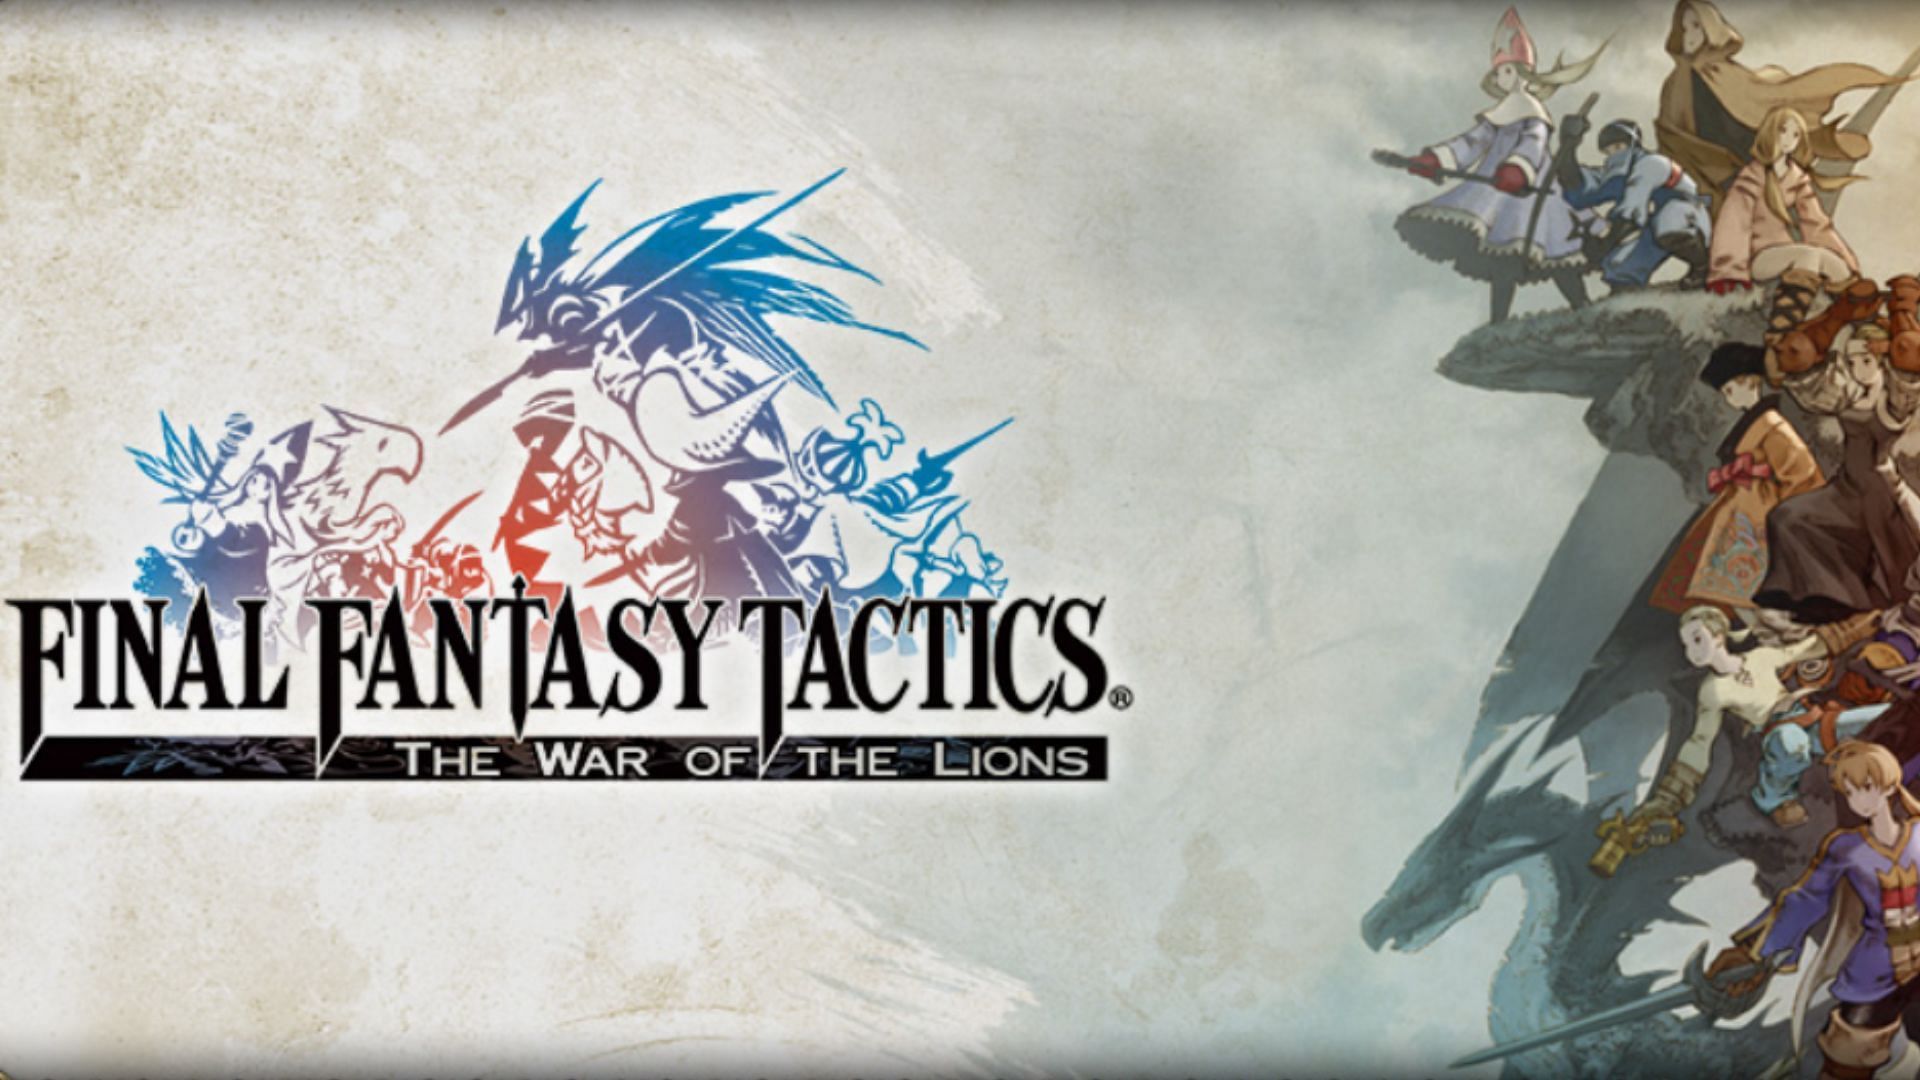 Final Fantasy Tactics: The War of the Lions offers a deep storyline and great fights (Image via Square Enix)
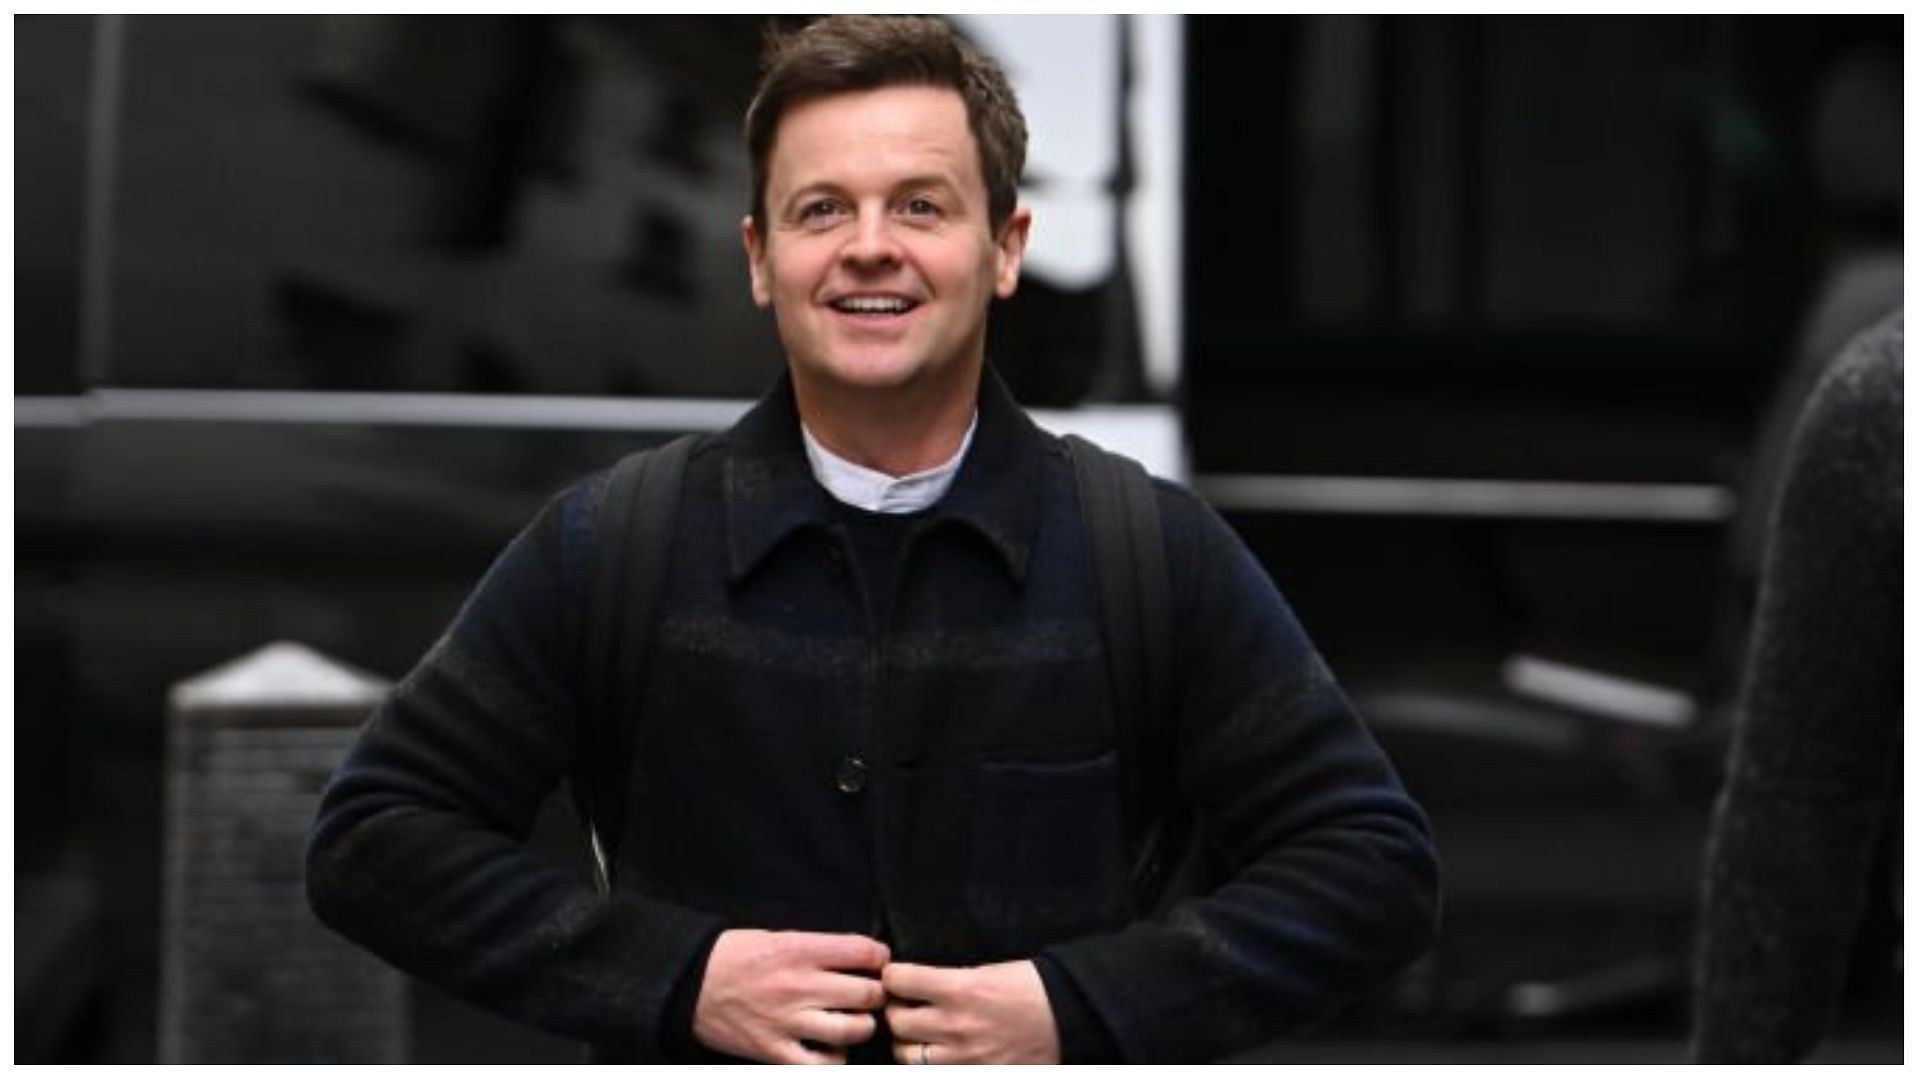 Declan Donnelly recently expressed grief over the death of his brother (Image via Neil Mockford/Getty Images)
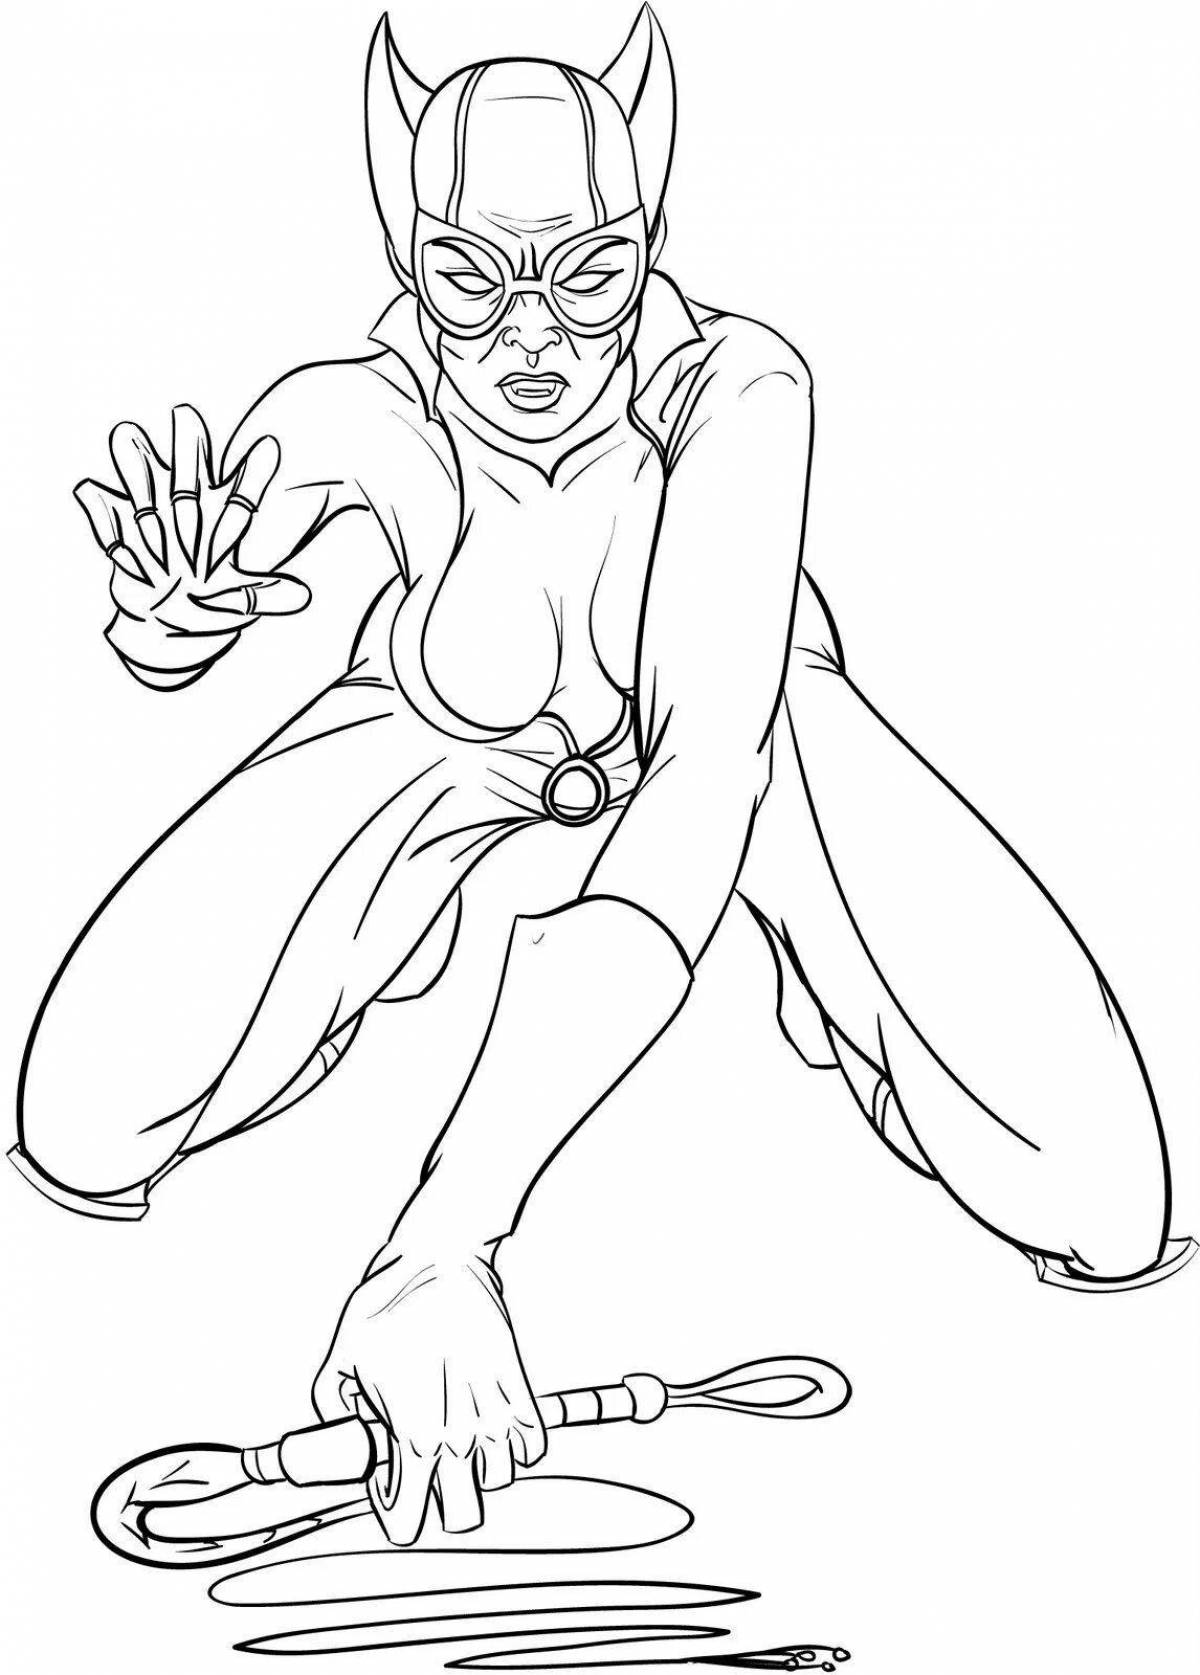 Colorful cat lady coloring page

○ ○ ○ ○ ○ ○ ○

PROBLEM DETAILS:
Could you give the listing again exactly as it stands, minus any pictures?

RESULT:
 Final Fantasy Tactics: The War of the Lions offers a deep storyline and great fights (Image via Square Enix)
 Declan Donnelly recently expressed grief over the death of his brother (Image via Neil Mockford/Getty Images)
 Colorful cat lady coloring page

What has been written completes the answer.